Simeon, this is Gary. Let me add my color to that. For both banners, I think it’s important as we went into this year, knowing all the stores are going to be torn up for renovations, H2 at Family Dollar, Snack Zones, at Dollar Tree, by the time we were going to get to Q2, we will have touched 1,000-plus stores. By design, not exactly reading the crystal ball as well as you would like, we went in aggressively - close-outs, our Wow product at the Dollar Tree side, a little bit more on consumable side, on the merchandise playing at Family Dollar, so part of that was to make sure we could through, touch these stores, catch them, put them back together, and still drive a positive comp.
As far as balloons, the impact there was the impact of 40 BPs, and that’s really just on what we lost on balloon sales in the first half--or in the second quarter year-over-year. Obviously first half, as I called out, is a little more impactful. What we didn’t measure was balloon sales usually have a halo effect of everything else in the party department, which is obviously one of our highest margin and a very large business, and it really drives customers to that store. We know it’s not going to be as impactful because the holidays aren’t as big, and we’d like to think it’s going to get moderately better as we go into ’20, but that was probably the best way to measure the balloon impact.
We’ll take our next question from Matthew Boss with JP Morgan.
Thanks, and nice progress, guys. First at Family Dollar, how best to think about sequential same store sales improvement opportunity in the back half of the year? Maybe what do you see as top drivers of the traffic inflection at your H2 remodels, and any color on early 3Q trends would be helpful.
I’ll tell you what, Matt - thanks for the question. As you can see, our engine is growing, our traffic is turning positive, and we’re driving some real growth with consumables, and our job is to convert that to the discretionary side of the store to enhance our margin throughout the year. We’ve got a really strong back half plan and a strong holiday plan that we just shared with our leaders at the annual leadership conference, and I think year-over-year you’re going to see us continue to strive to grow our comps as we get more H2s on the ground, they mature, and we’re seeing in the balance of the stores is they’re really starting to have higher standards at store level, so the stores are getting cleaned up, the customer is noticing, and they’re getting the components of some of the H2 stores while they may not be an H2 store. So we’re trying to fast adapt as we learn what are the key winners and key categories.
We did a number of resets last year that are now going to start cycling and be helpful to the comp in the back half, so I feel pretty good about our business plan with comps as we look forward.
Matt, it’s Gary. I would just add, that’s part of the energy and why we added more H2s. A shout-out to our openers has gotten us ahead of the game to this point to get the 1,000 done by the time we finish up August here, Labor Day weekend, and we had some more runway so we’re up for another 150 to get done mainly through September, a little bit probably into October to give us more H2s on the ground.
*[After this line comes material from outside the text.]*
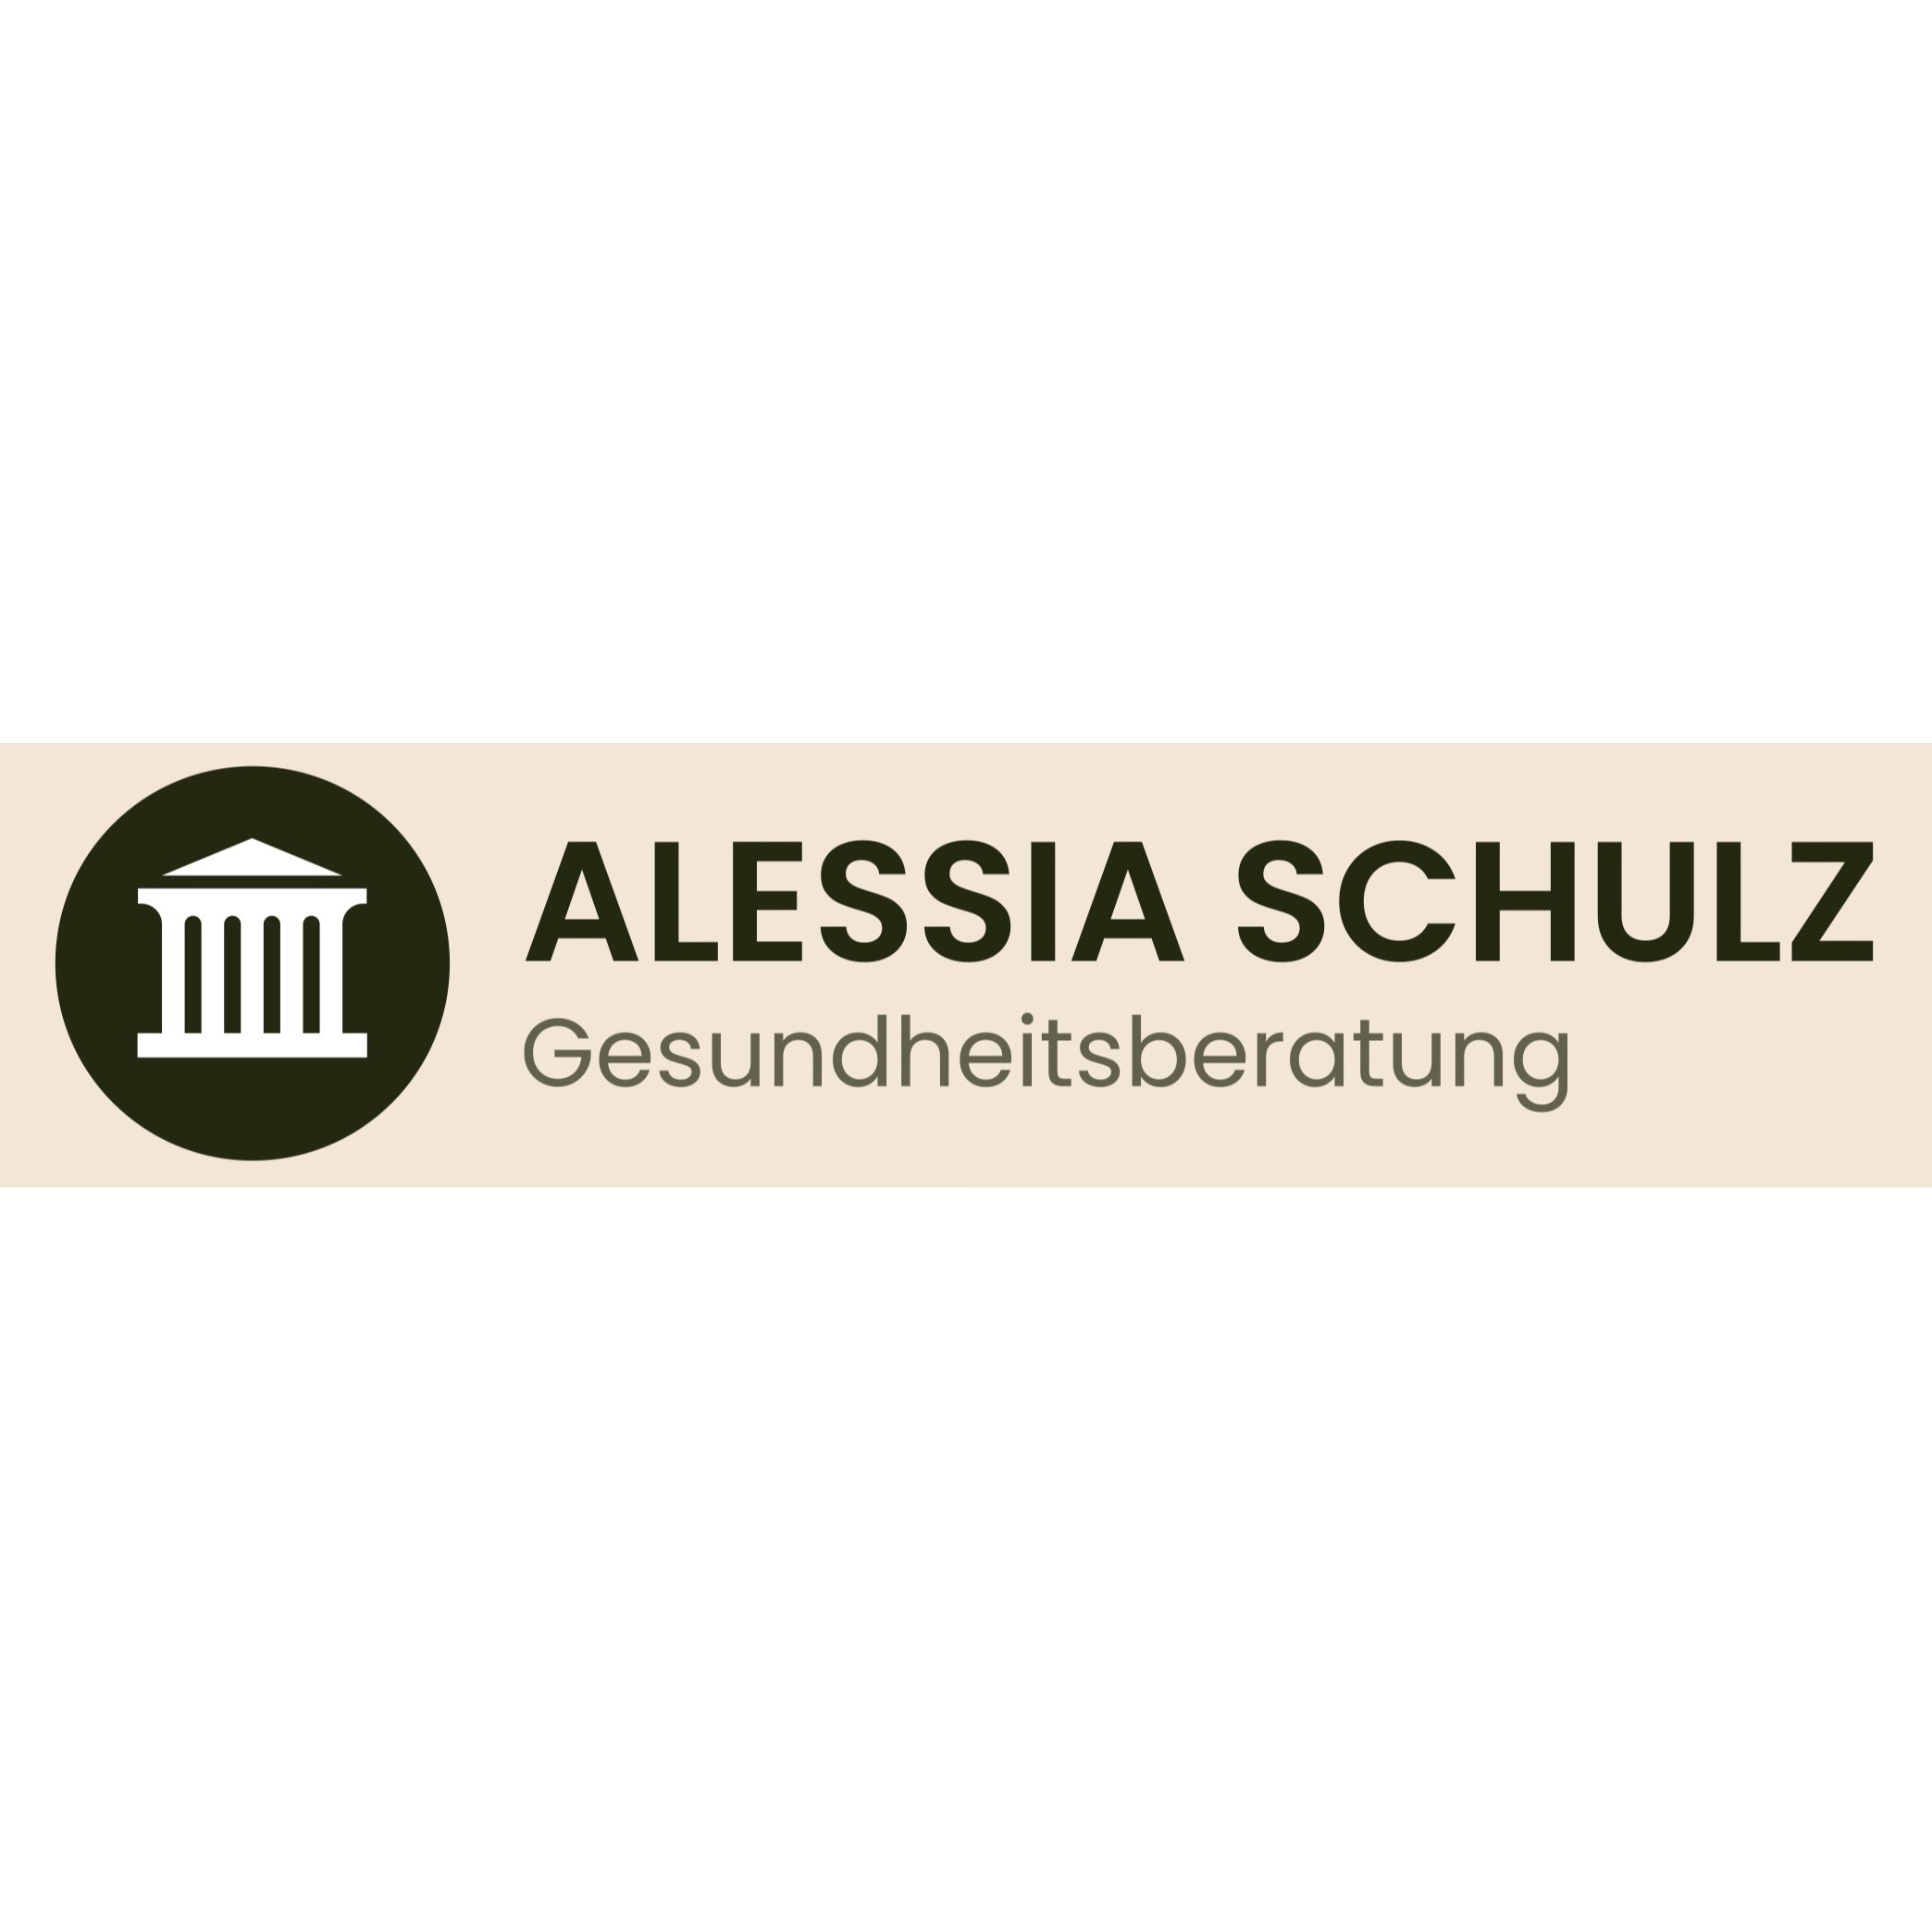 Alessia Schulz Gesundheits-und Ernährungsberatung Logo

But to give credit to the Family Dollar team, the consistency of what we’re seeing in stores, the work we’ve done on key resets, I think what we see is lifting all boats right now.
Great. Then as a follow-up, just to help break down margins, could you bucket the discrete the costs at Family Dollar between the gross margin and the SG&A, both what you saw in the second quarter, how to think about the back half, and larger picture what’s the best way to think about Family Dollar’s fundamental gross margin recapture opportunity that you see from here?
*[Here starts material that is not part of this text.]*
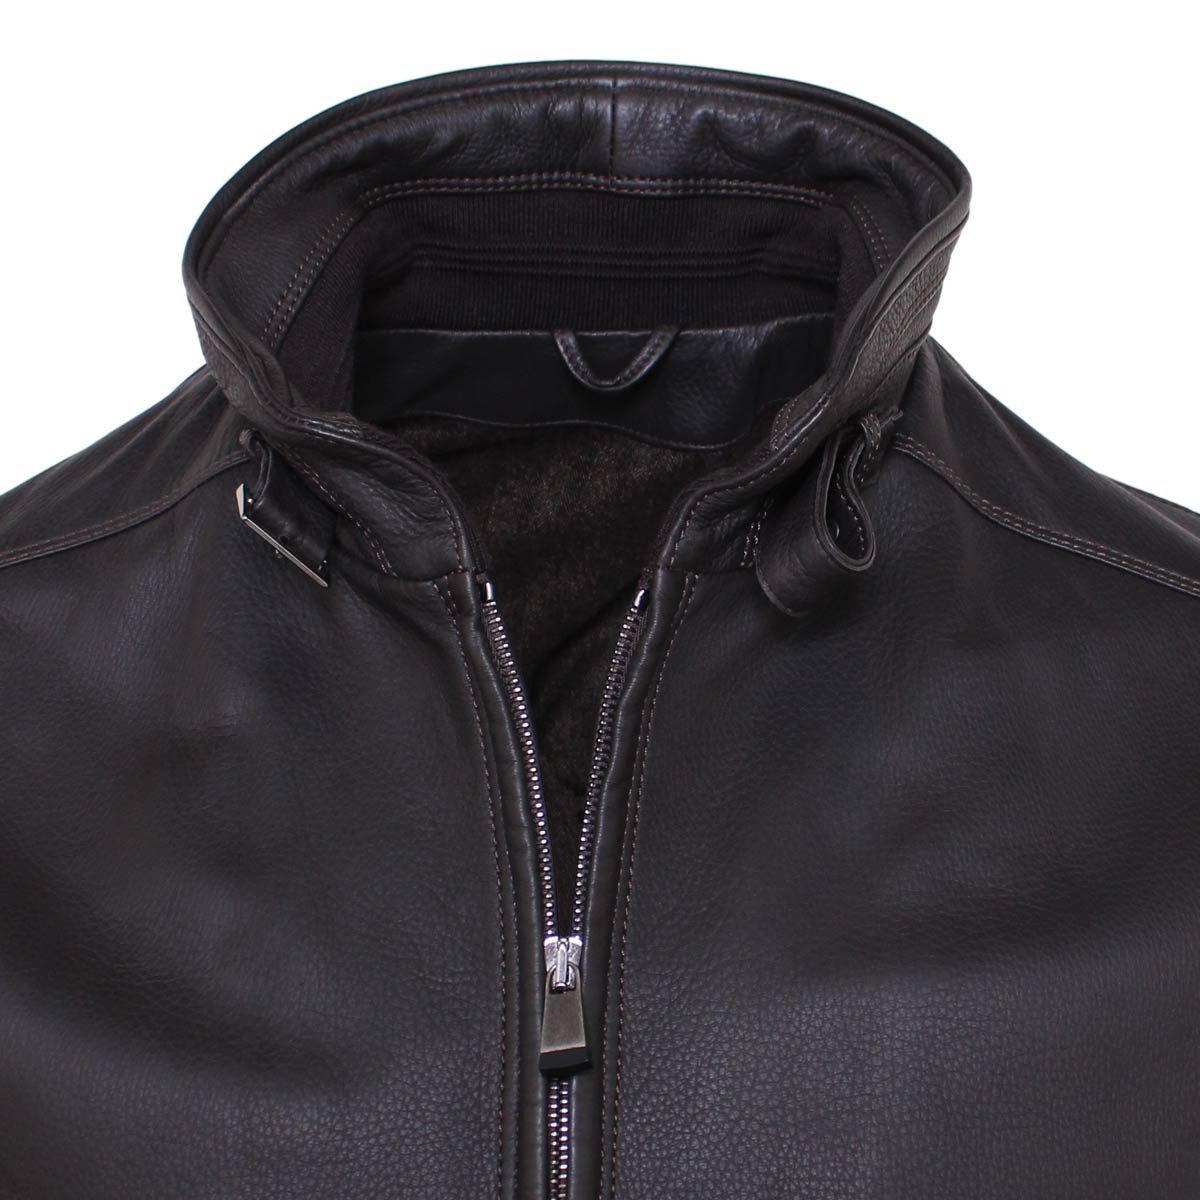 Dark Brown Bomber Style Deerskin Leather Jacket  Robert Old

Hey Matt, it’s Kevin. In my prepared remarks, I tried to give some good color on this, so let’s break it down into pieces here if we can. Obviously within the press release, we talked about $48 million of discrete costs within the quarter as well as $15 million of store closure costs, so that’s a total of $63 million or about 230 basis points. If you take out the $10 million of store consolidation expenses, that means about $52 million sat within the Family Dollar segment, and as we called out within the prepared remarks, that’s about 190 BPs. That basically broke down really about 100 BPs of markdowns, which we talked about, so you’re talking about all the store closures, all the renovations, all the re-banners, everything related around that from that piece. Then on the SG&A side of it, it’s all of the asset write-off for all the store closures. Again, we closed 296 stores during the quarter, supplies for the H2 renovations as well as labor, temp labor for the H2 renovations as well, so that’s roughly 90, 95 BPs. That’s kind of how to bucket-ize them the best way and the big picture way.
As far as a go-forward margin, we have huge opportunities. Obviously it’s been a disappointing year from shrink perspective, and we have a lot of opportunity go forward. As we talked about last quarter, look for it to start to flatten out in the back half on a comparative basis. A lot of initiatives in process there relating to, one, just changes in leadership and structure, really working on our commitment to training, execution of our policies and procedures, defensive merchandising initiatives, analytics, and again getting our inventory levels down as well will be very, very helpful in that regard. So I think we have a huge opportunity as we go into next year to help our gross margin in that regard.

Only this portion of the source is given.